Le titre de père fondateur est parfois contesté : c’est le cas pour von Braun. Reste que pour l’essentiel, ce sont les similarités qui l’emportent. Ainsi, selon l’historien Asif A. Siddiqi, chacun de ces trois individus porte en lui une combinaison unique de qualités duales : compétent et visionnaire, ingénieur génial et organisateur hors pair, à l’aise avec les plus grands dans les coulisses du pouvoir et pourtant accessible à tout un chacun. Chacun est également associé à un traumatisme fondateur, que l’épreuve ait été physique, morale ou professionnelle. Korolev a été victime des purges staliniennes en 1938 : arrêté sous prétexte de sabotage, il est ainsi envoyé dans la Kolyma dont il ne sera sauvé que grâce à l’éclatement de la Seconde Guerre mondiale en 1940. Von Braun n’a quant à lui jamais véritablement pu se dissocier de son passé au service de l’Allemagne nazie et notamment sa responsabilité dans les morts et les souffrances des prisonniers du camp de travail de Dora à l’origine de la construction des fusées V2. Enfin, victime de la chasse aux sorcières lancée par le sénateur McCarthy, la vie de Qian restera à jamais marquée par son expulsion des Etats-Unis en 1955 après cinq années d’attente et de détention. Loin de succomber à l’adversité, ces hommes se sont débattus et ont tous finalement atteint dans leur pays respectif la prééminence. Un parcours qui n’a pas manqué de frapper leurs collègues et plus largement leurs contemporains et qui, ce faisant, en est venu à incarner une métaphore de la difficulté avec laquelle les programmes spatiaux se sont construits dans ces années formatrices. Pour cette raison, le mythe du père fondateur est souvent reconnaissable aux explications déterministes qu’il propose s’agissant d’histoire du spatial. Korolev, von Braun et Qian ont fait ceci, et par conséquent les programmes spatiaux soviétique, américain et chinois ressemblent à cela. Dans le cas russe, le mythe Korolev est d’autant plus prégnant que l’identité du « chief designer » a été tenue secrète jusqu’à sa mort ; une fois disparu, après une opération chirurgicale difficile en 1966, c’est également tout l’édifice qui paraît s’effriter : battu à plate couture par les Etats-Unis dans la course à la Lune, le programme spatial soviétique ne paraît pour beaucoup plus que l’ombre de lui-même.
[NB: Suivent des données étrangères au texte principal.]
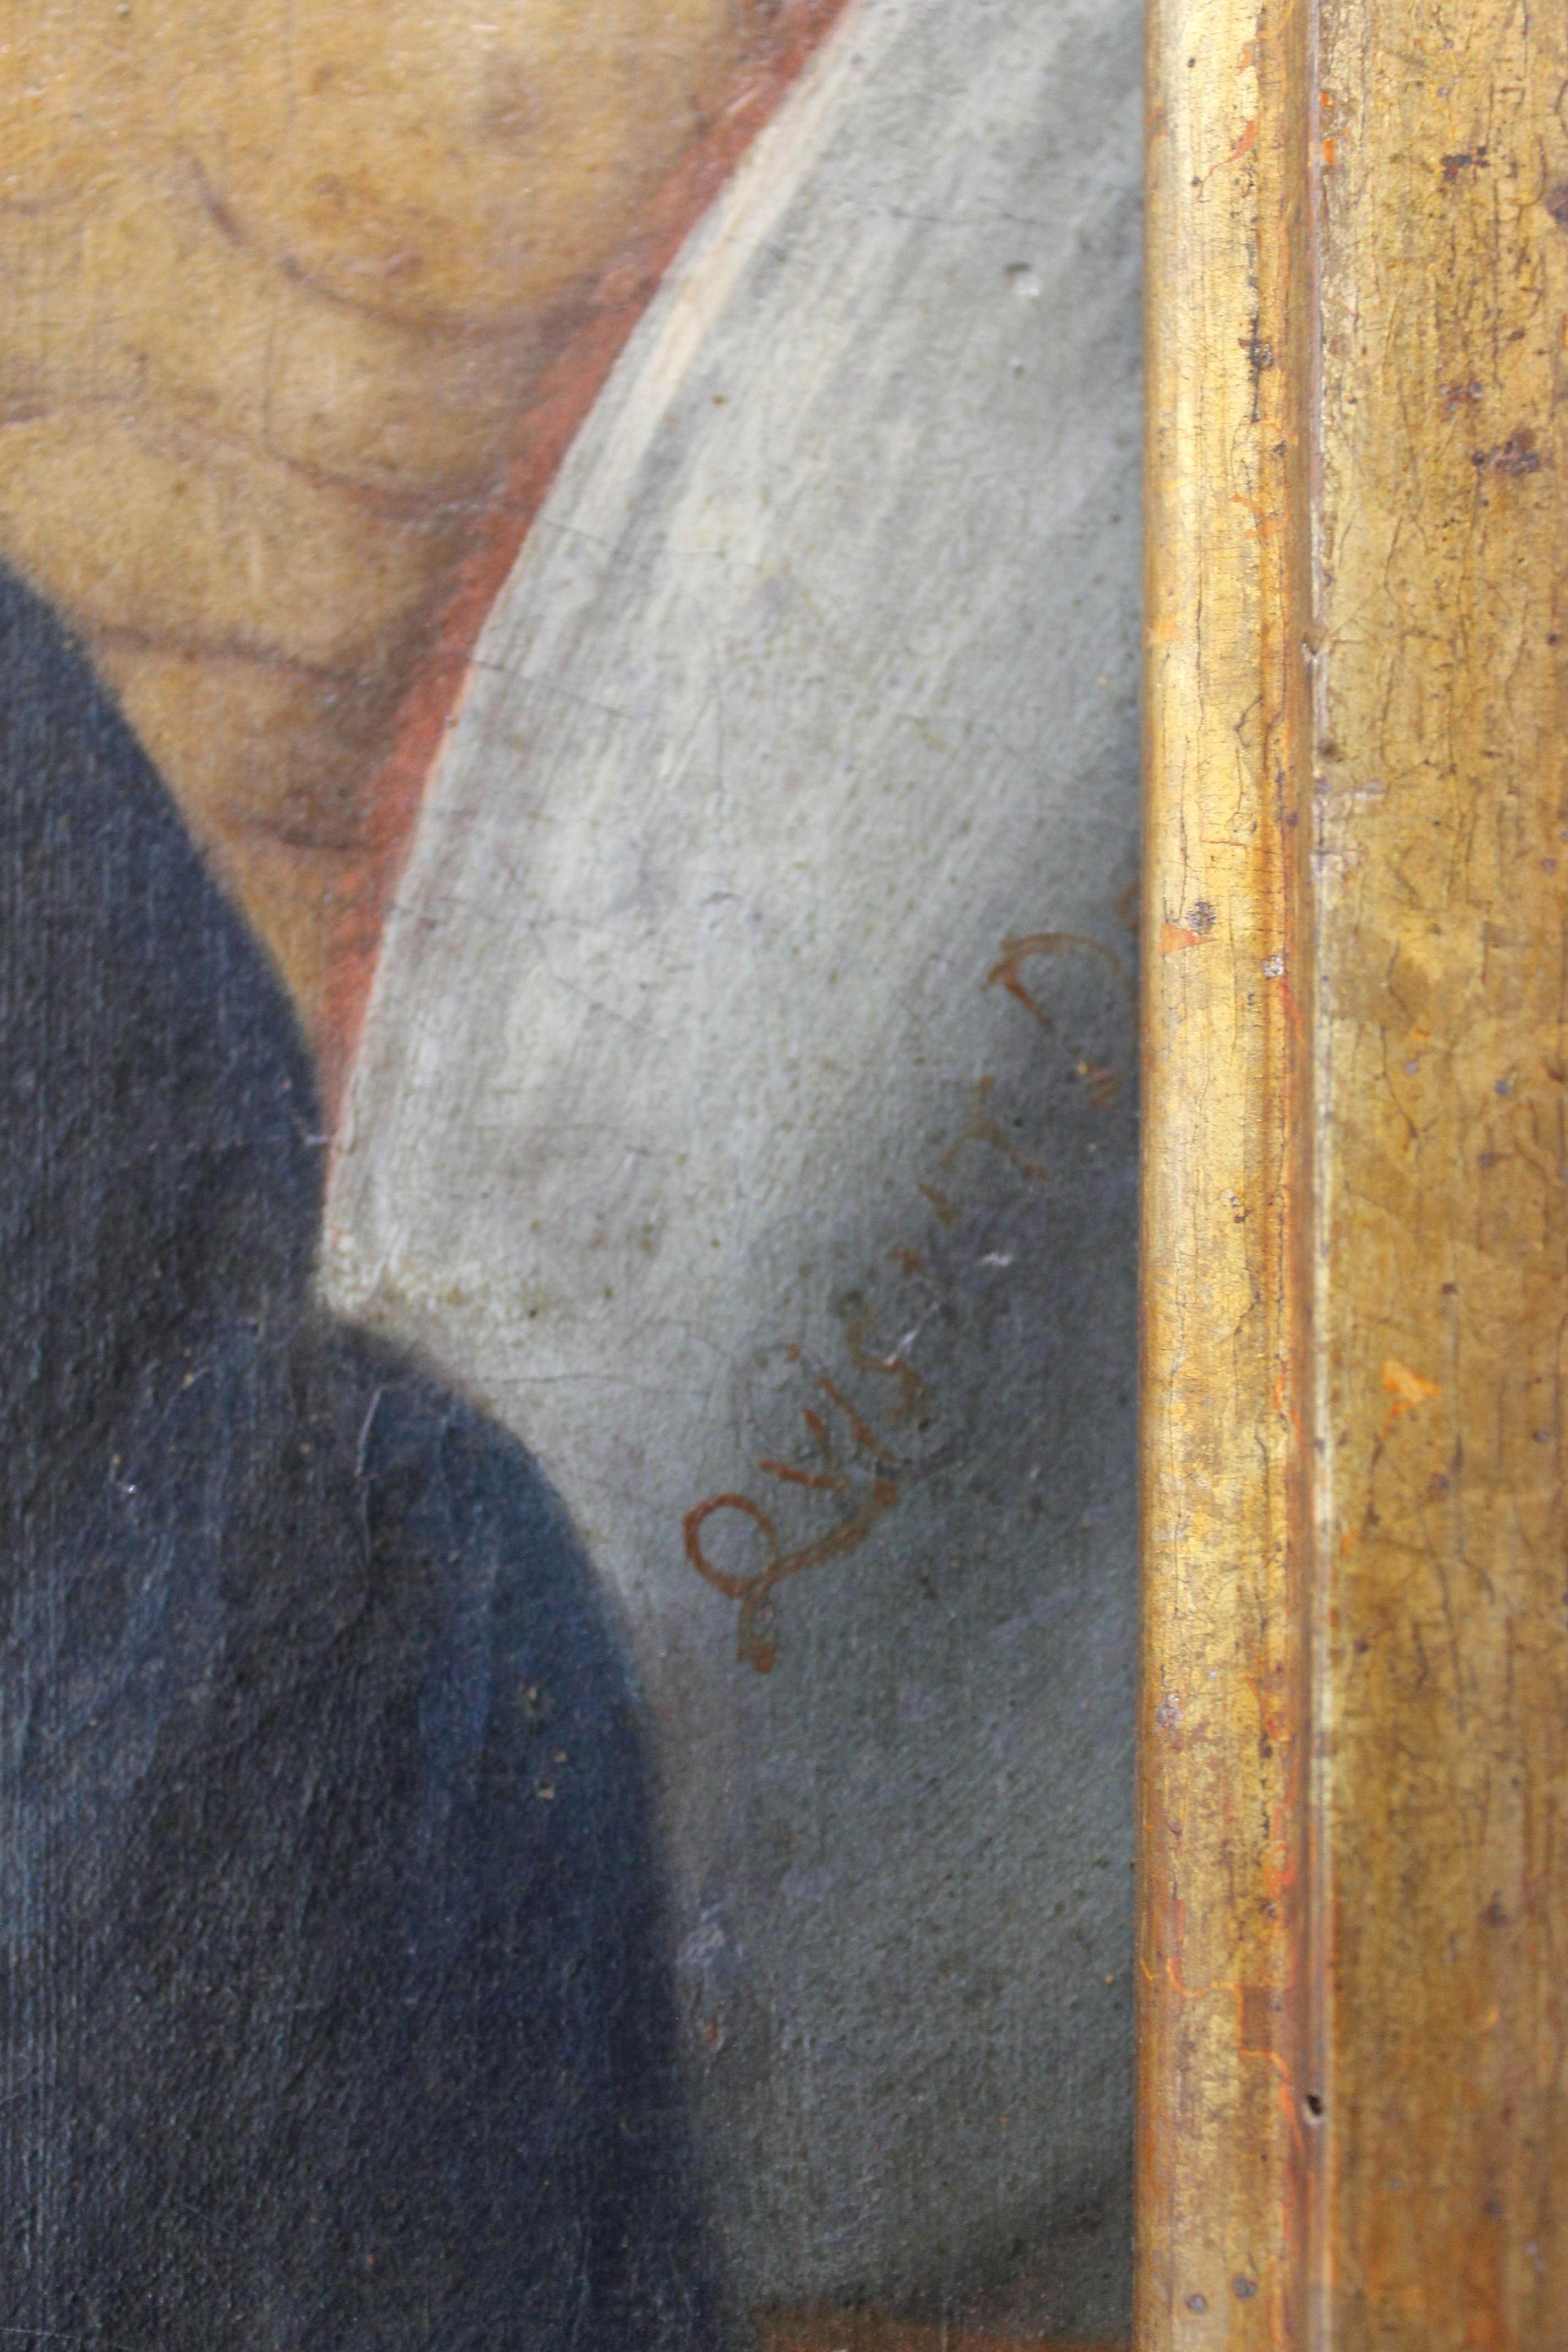 The Death of Saint Joseph, Italian Baroque Religious Scene Oil on Canvas Painting 2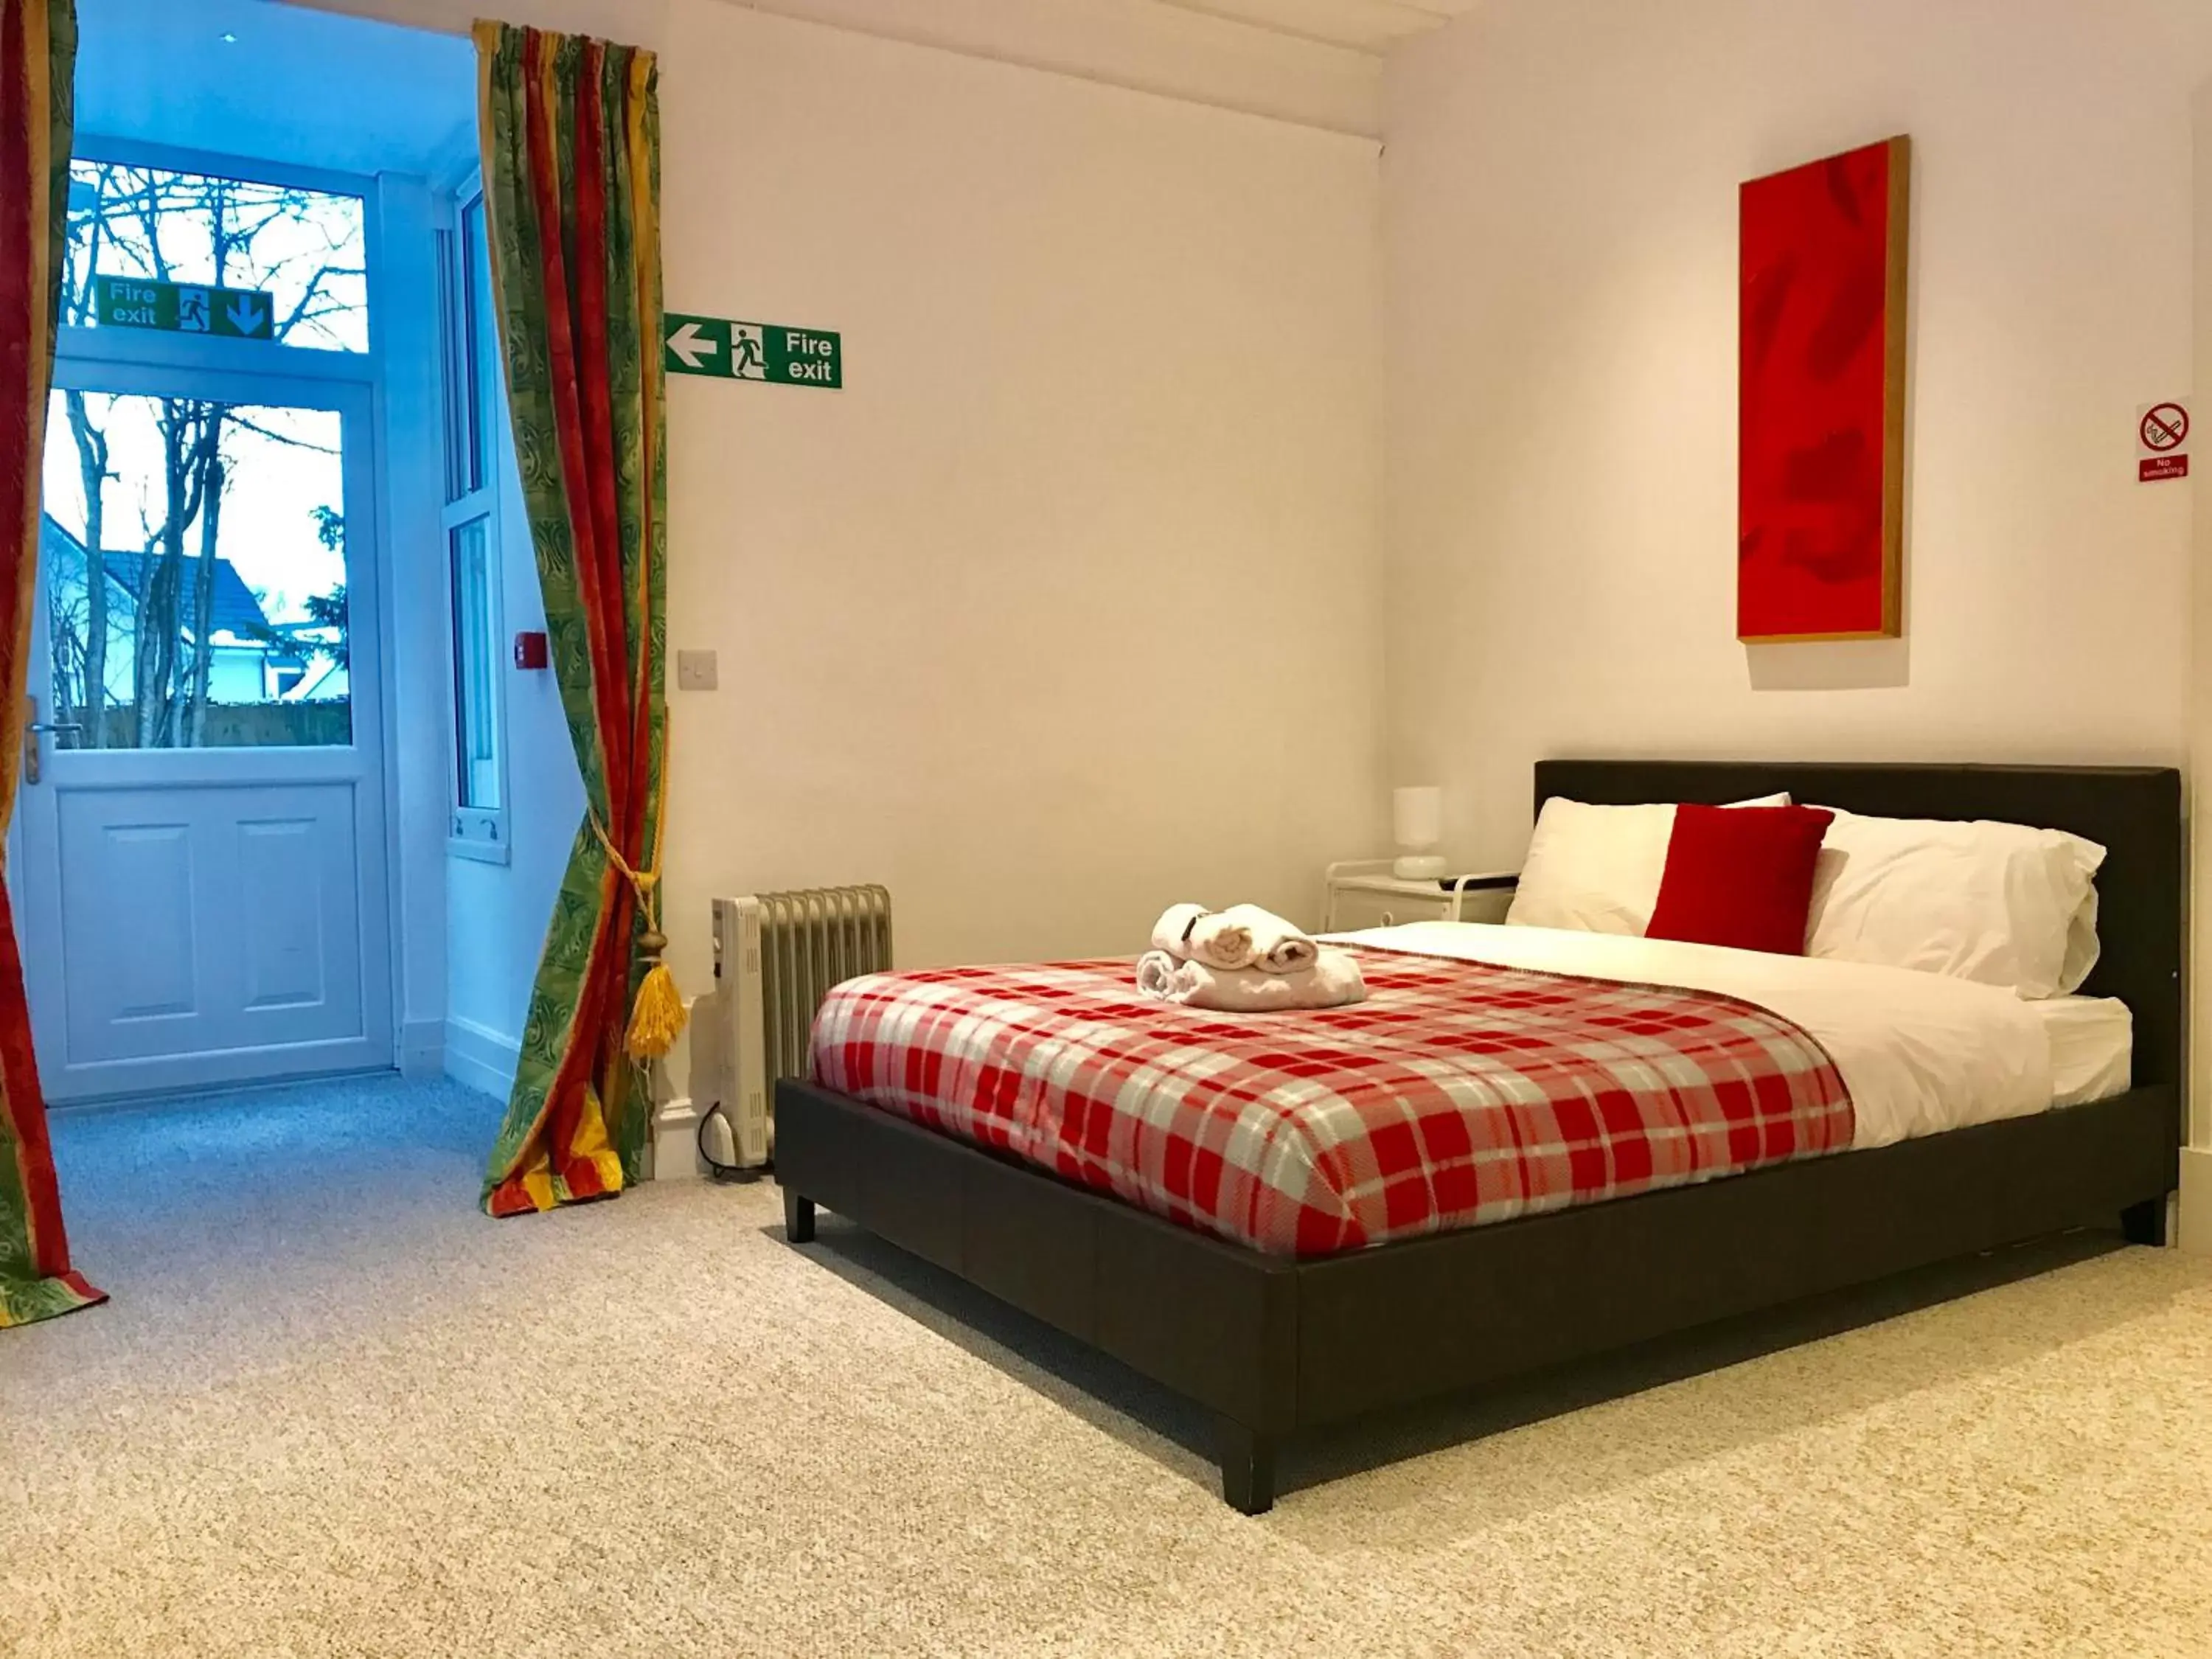 Bedroom in Drumdevan Country House, Inverness

C’est aussi et surtout vrai du point de vue de l’étranger. On se souvient du rôle presque fantastique que Tom Wolfe fait jouer à Korolev, jamais nommé pour les raisons déjà indiquées, toujours identifié à travers des paraphrases que l’aède n’aurait pas contestées lorsque narrant la stupeur des mortels combattant les dieux cachés sous de faux traits près des murs de Troie. S’agissant de Qian, il faut ainsi relever que s’il est avec raison considéré comme le « père » du programme spatial chinois, il apparaît en réalité dans les sources historiques chinoises comme un personnage plus complexe. Pour les historiens, malgré des qualités scientifiques certaines, Qian est avant tout un meneur : il est celui qui a poussé les décideurs chinois à s’intéresser aux possibilités spatiales même lorsque le pays était en proie à la plus terrible des famines. Il est celui qui a servi de lien entre les ingénieurs et les scientifiques et le pouvoir politique ; c’est en partie son enthousiasme qui a fait bouger la bureaucratie. Le mythe, développé notamment aux Etats-Unis, suggère pourtant beaucoup plus : sans déportation, sans McCarthy, la Chine n’aurait jamais développé de missiles, de fusées et de satellites.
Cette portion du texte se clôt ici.